▶ **What the task requires**: Set down a precise copy of the whole listing.

▶ **Input records**:
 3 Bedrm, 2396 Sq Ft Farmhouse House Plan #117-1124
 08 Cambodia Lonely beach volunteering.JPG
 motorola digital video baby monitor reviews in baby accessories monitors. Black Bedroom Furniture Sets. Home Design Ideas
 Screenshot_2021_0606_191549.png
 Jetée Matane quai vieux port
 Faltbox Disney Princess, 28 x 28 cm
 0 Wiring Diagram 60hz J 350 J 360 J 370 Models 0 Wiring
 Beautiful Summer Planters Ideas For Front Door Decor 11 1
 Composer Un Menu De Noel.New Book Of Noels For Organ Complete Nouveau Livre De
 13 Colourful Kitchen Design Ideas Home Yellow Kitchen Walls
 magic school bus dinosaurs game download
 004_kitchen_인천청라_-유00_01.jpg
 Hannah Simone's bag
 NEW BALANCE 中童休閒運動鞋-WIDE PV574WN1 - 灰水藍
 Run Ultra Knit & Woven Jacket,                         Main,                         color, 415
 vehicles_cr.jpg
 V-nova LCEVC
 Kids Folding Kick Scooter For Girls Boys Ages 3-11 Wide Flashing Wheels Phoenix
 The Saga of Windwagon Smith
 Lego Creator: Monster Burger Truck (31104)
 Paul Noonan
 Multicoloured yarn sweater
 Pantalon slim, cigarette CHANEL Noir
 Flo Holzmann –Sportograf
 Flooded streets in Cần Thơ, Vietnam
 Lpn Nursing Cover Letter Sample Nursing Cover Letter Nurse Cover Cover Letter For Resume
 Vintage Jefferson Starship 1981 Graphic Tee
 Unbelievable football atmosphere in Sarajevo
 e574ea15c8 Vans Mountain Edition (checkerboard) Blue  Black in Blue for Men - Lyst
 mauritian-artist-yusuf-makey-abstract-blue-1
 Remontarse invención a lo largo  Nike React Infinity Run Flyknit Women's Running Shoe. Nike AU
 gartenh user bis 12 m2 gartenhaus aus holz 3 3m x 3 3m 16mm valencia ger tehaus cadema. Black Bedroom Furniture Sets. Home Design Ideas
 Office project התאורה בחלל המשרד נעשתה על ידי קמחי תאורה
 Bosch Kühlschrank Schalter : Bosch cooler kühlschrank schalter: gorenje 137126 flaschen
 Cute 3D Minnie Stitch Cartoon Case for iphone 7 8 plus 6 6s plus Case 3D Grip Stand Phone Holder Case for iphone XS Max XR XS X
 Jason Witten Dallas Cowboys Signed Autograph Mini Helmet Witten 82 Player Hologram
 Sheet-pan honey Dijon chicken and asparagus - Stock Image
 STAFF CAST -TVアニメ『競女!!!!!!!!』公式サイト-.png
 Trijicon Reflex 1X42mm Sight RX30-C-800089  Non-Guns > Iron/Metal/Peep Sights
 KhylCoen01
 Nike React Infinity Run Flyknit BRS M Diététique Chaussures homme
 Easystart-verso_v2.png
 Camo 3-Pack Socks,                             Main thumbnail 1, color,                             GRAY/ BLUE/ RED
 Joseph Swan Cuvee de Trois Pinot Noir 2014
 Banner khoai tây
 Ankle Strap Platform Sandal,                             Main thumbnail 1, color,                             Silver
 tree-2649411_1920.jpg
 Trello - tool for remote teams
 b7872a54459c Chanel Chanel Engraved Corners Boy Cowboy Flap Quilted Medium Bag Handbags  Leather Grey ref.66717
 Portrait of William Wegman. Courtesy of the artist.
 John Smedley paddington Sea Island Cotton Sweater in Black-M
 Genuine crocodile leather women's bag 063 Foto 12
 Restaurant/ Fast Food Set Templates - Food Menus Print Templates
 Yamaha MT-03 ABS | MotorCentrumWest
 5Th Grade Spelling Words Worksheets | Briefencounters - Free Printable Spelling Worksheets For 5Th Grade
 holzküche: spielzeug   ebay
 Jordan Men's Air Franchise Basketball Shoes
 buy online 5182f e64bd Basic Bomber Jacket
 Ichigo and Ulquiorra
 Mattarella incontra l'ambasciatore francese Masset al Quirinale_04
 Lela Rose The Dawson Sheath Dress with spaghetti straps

▶ **Expected answer**:
 3 Bedrm, 2396 Sq Ft Farmhouse House Plan #117-1124
 08 Cambodia Lonely beach volunteering.JPG
 motorola digital video baby monitor reviews in baby accessories monitors. Black Bedroom Furniture Sets. Home Design Ideas
 Screenshot_2021_0606_191549.png
 Jetée Matane quai vieux port
 Faltbox Disney Princess, 28 x 28 cm
 0 Wiring Diagram 60hz J 350 J 360 J 370 Models 0 Wiring
 Beautiful Summer Planters Ideas For Front Door Decor 11 1
 Composer Un Menu De Noel.New Book Of Noels For Organ Complete Nouveau Livre De
 13 Colourful Kitchen Design Ideas Home Yellow Kitchen Walls
 magic school bus dinosaurs game download
 004_kitchen_인천청라_-유00_01.jpg
 Hannah Simone's bag
 NEW BALANCE 中童休閒運動鞋-WIDE PV574WN1 - 灰水藍
 Run Ultra Knit & Woven Jacket,                         Main,                         color, 415
 vehicles_cr.jpg
 V-nova LCEVC
 Kids Folding Kick Scooter For Girls Boys Ages 3-11 Wide Flashing Wheels Phoenix
 The Saga of Windwagon Smith
 Lego Creator: Monster Burger Truck (31104)
 Paul Noonan
 Multicoloured yarn sweater
 Pantalon slim, cigarette CHANEL Noir
 Flo Holzmann –Sportograf
 Flooded streets in Cần Thơ, Vietnam
 Lpn Nursing Cover Letter Sample Nursing Cover Letter Nurse Cover Cover Letter For Resume
 Vintage Jefferson Starship 1981 Graphic Tee
 Unbelievable football atmosphere in Sarajevo
 e574ea15c8 Vans Mountain Edition (checkerboard) Blue  Black in Blue for Men - Lyst
 mauritian-artist-yusuf-makey-abstract-blue-1
 Remontarse invención a lo largo  Nike React Infinity Run Flyknit Women's Running Shoe. Nike AU
 gartenh user bis 12 m2 gartenhaus aus holz 3 3m x 3 3m 16mm valencia ger tehaus cadema. Black Bedroom Furniture Sets. Home Design Ideas
 Office project התאורה בחלל המשרד נעשתה על ידי קמחי תאורה
 Bosch Kühlschrank Schalter : Bosch cooler kühlschrank schalter: gorenje 137126 flaschen
 Cute 3D Minnie Stitch Cartoon Case for iphone 7 8 plus 6 6s plus Case 3D Grip Stand Phone Holder Case for iphone XS Max XR XS X
 Jason Witten Dallas Cowboys Signed Autograph Mini Helmet Witten 82 Player Hologram
 Sheet-pan honey Dijon chicken and asparagus - Stock Image
 STAFF CAST -TVアニメ『競女!!!!!!!!』公式サイト-.png
 Trijicon Reflex 1X42mm Sight RX30-C-800089  Non-Guns > Iron/Metal/Peep Sights
 KhylCoen01
 Nike React Infinity Run Flyknit BRS M Diététique Chaussures homme
 Easystart-verso_v2.png
 Camo 3-Pack Socks,                             Main thumbnail 1, color,                             GRAY/ BLUE/ RED
 Joseph Swan Cuvee de Trois Pinot Noir 2014
 Banner khoai tây
 Ankle Strap Platform Sandal,                             Main thumbnail 1, color,                             Silver
 tree-2649411_1920.jpg
 Trello - tool for remote teams
 b7872a54459c Chanel Chanel Engraved Corners Boy Cowboy Flap Quilted Medium Bag Handbags  Leather Grey ref.66717
 Portrait of William Wegman. Courtesy of the artist.
 John Smedley paddington Sea Island Cotton Sweater in Black-M
 Genuine crocodile leather women's bag 063 Foto 12
 Restaurant/ Fast Food Set Templates - Food Menus Print Templates
 Yamaha MT-03 ABS | MotorCentrumWest
 5Th Grade Spelling Words Worksheets | Briefencounters - Free Printable Spelling Worksheets For 5Th Grade
 holzküche: spielzeug   ebay
 Jordan Men's Air Franchise Basketball Shoes
 buy online 5182f e64bd Basic Bomber Jacket
 Ichigo and Ulquiorra
 Mattarella incontra l'ambasciatore francese Masset al Quirinale_04
 Lela Rose The Dawson Sheath Dress with spaghetti straps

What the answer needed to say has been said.